В отличие от немецких и остзейских писем, как правило, при ссылках всякого рода на родных и знакомых в письмах ограничиваются именем и отчеством, что при отсутствии контекста делает идентификацию названных лиц очень проблематичной. Обратим, кстати, внимание на архаизм имен: в дворянском – даже генеральском – круге общения то и дело мелькают Мины Ивановичи, Фомы Силычи, Савелии Авдеичи или вовсе экзотическая Анимаиса (№ 99). Уже скоро такой набор имен будет отсылать в лучшем случае к «темному» купечеству, пушкинская Татьяна произведет фурор, а дочь одного из братьев Орловых, Екатерина Новосильцева, доведет сына до самоубийства, отказав ему в женитьбе «на какой-то Пахомовне».

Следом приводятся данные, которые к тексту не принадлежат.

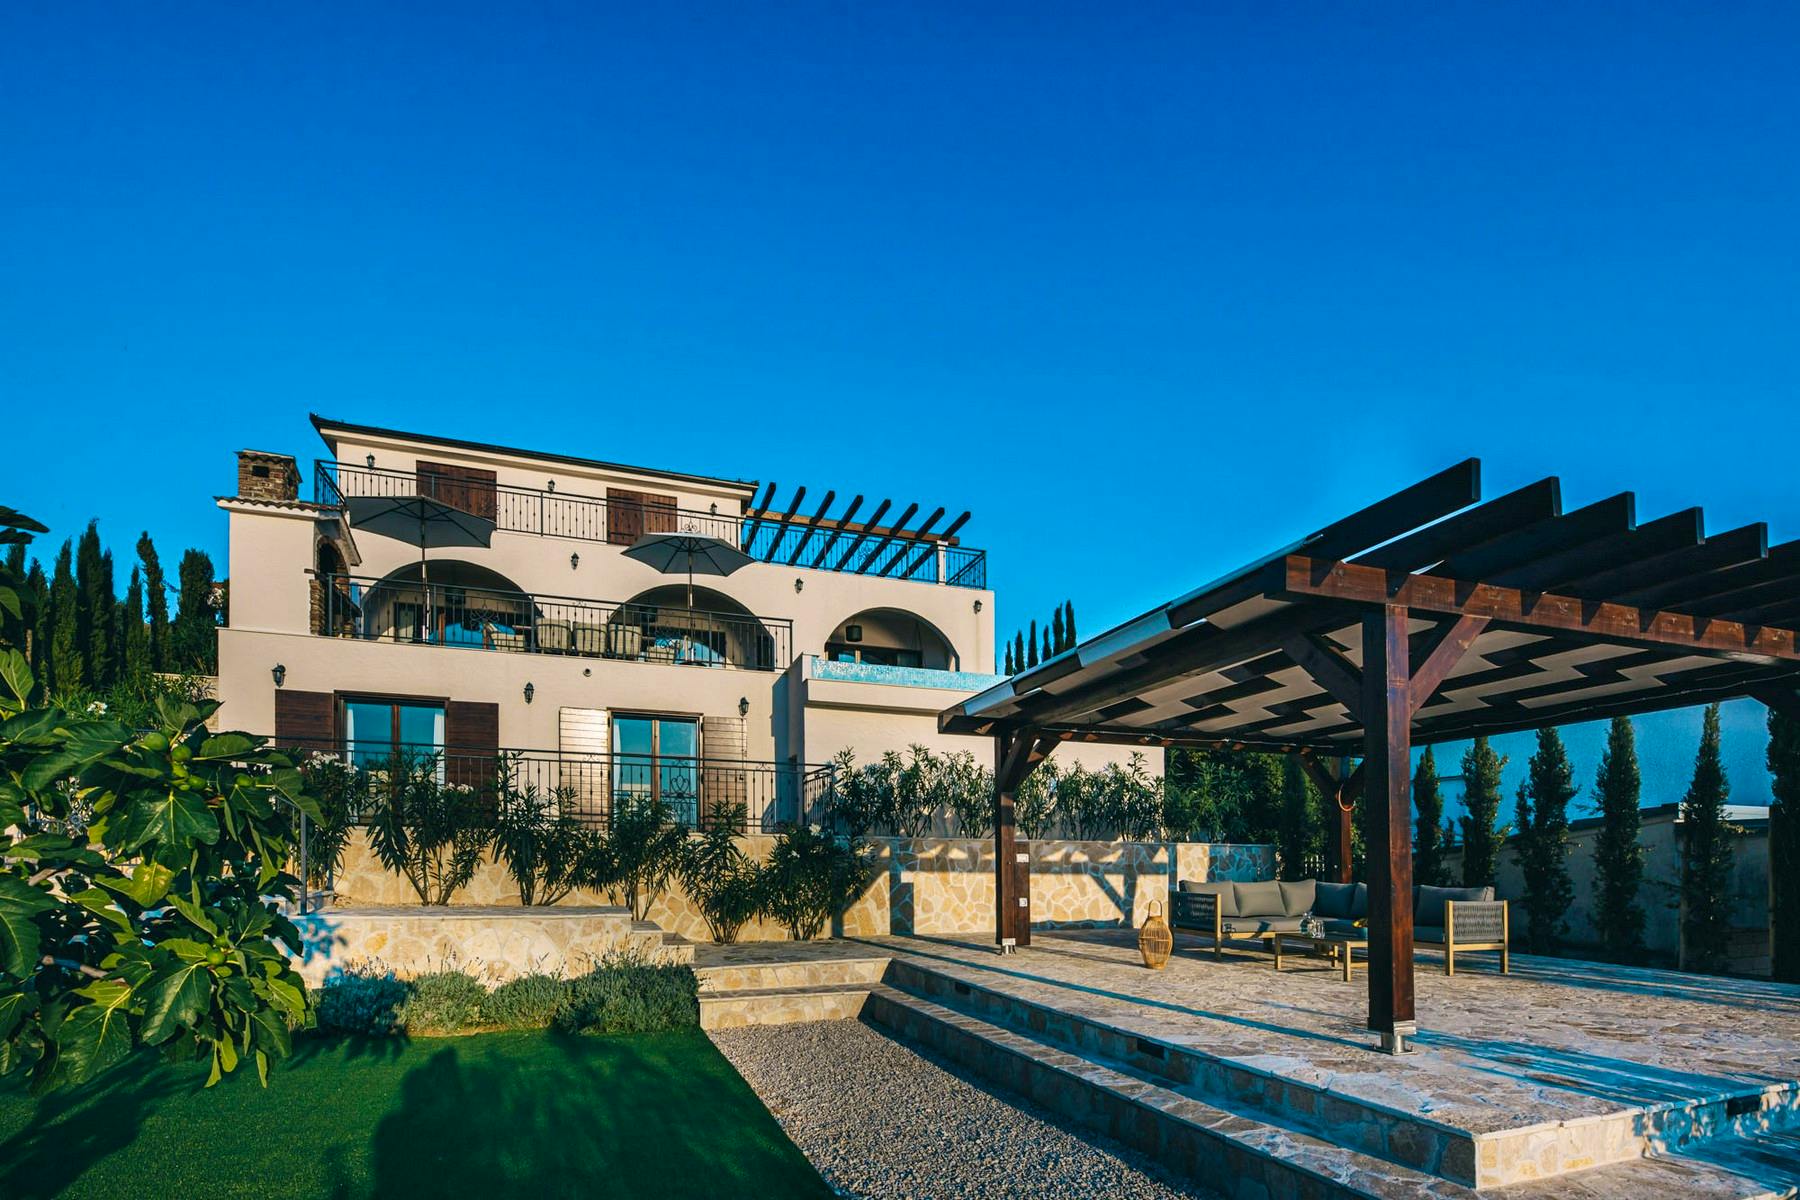 Villa with Mediterranean garden and luxury amenities

Письма с поклонами обнаруживают еще одну архаическую черту корреспонденции, ее редко предполагавшийся сугубо интимный характер. Очевидно, что помимо непосредственного адресата они писались для широкого круга родных и знакомых в расчете на то, что адресат даст читать – или скорее прочтет вслух – такое письмо всем упоминаемым лицам («К тебе писанные мои письмы можете орегинално ему государю моему сообщать», № 35). Широко распространено по-прежнему применение терминов родства к лицам, не обязательно являющимся кровными или духовными родственниками (батюшка, матушка, братец)[112] – хотя это в равной степени характерно и для немецких писем корпуса.
Дифференциация в зависимости от адресата выдает разность стратегий и идиом самопредставления. Сравнение, к примеру, двух писем двадцатилетнего князя Сергея Мещерского – Прасковье Александровне Брюс (Румянцевой), «наперснице» вел. кн. Екатерины, и своему отцу кн. Василию Ивановичу Мещерскому (№ 26–27) – хорошо иллюстрирует сосуществование в переходный период языков и стилей общения. «Птенец гнезда Петрова, изъясняющийся на новомодном жаргоне, вынужден переходить на более общепонятный идиом при общении с представителями старшего поколения или членами других социальных групп»[113]. Жовиальный тон с переключениями между русским и французским (отвечающий, заметим, эпистолярному стилю самой Прасковьи Брюс[114]) меняется у князя Сергея на строгий и архаичный в слезном письме батюшке с просьбами о вспомоществовании[115]. Подобную же множественность идентичностей можно наблюдать в письмах Алексея Ильина: солидно-архаичный стиль общения с родителями (№ 48), повествовательно-нейтральный с братом (№ 49), сдержанно-галантный с «любезной» (№ 50), обстоятельный и подробный с «интеллигентной» влиятельной родней (№ 53).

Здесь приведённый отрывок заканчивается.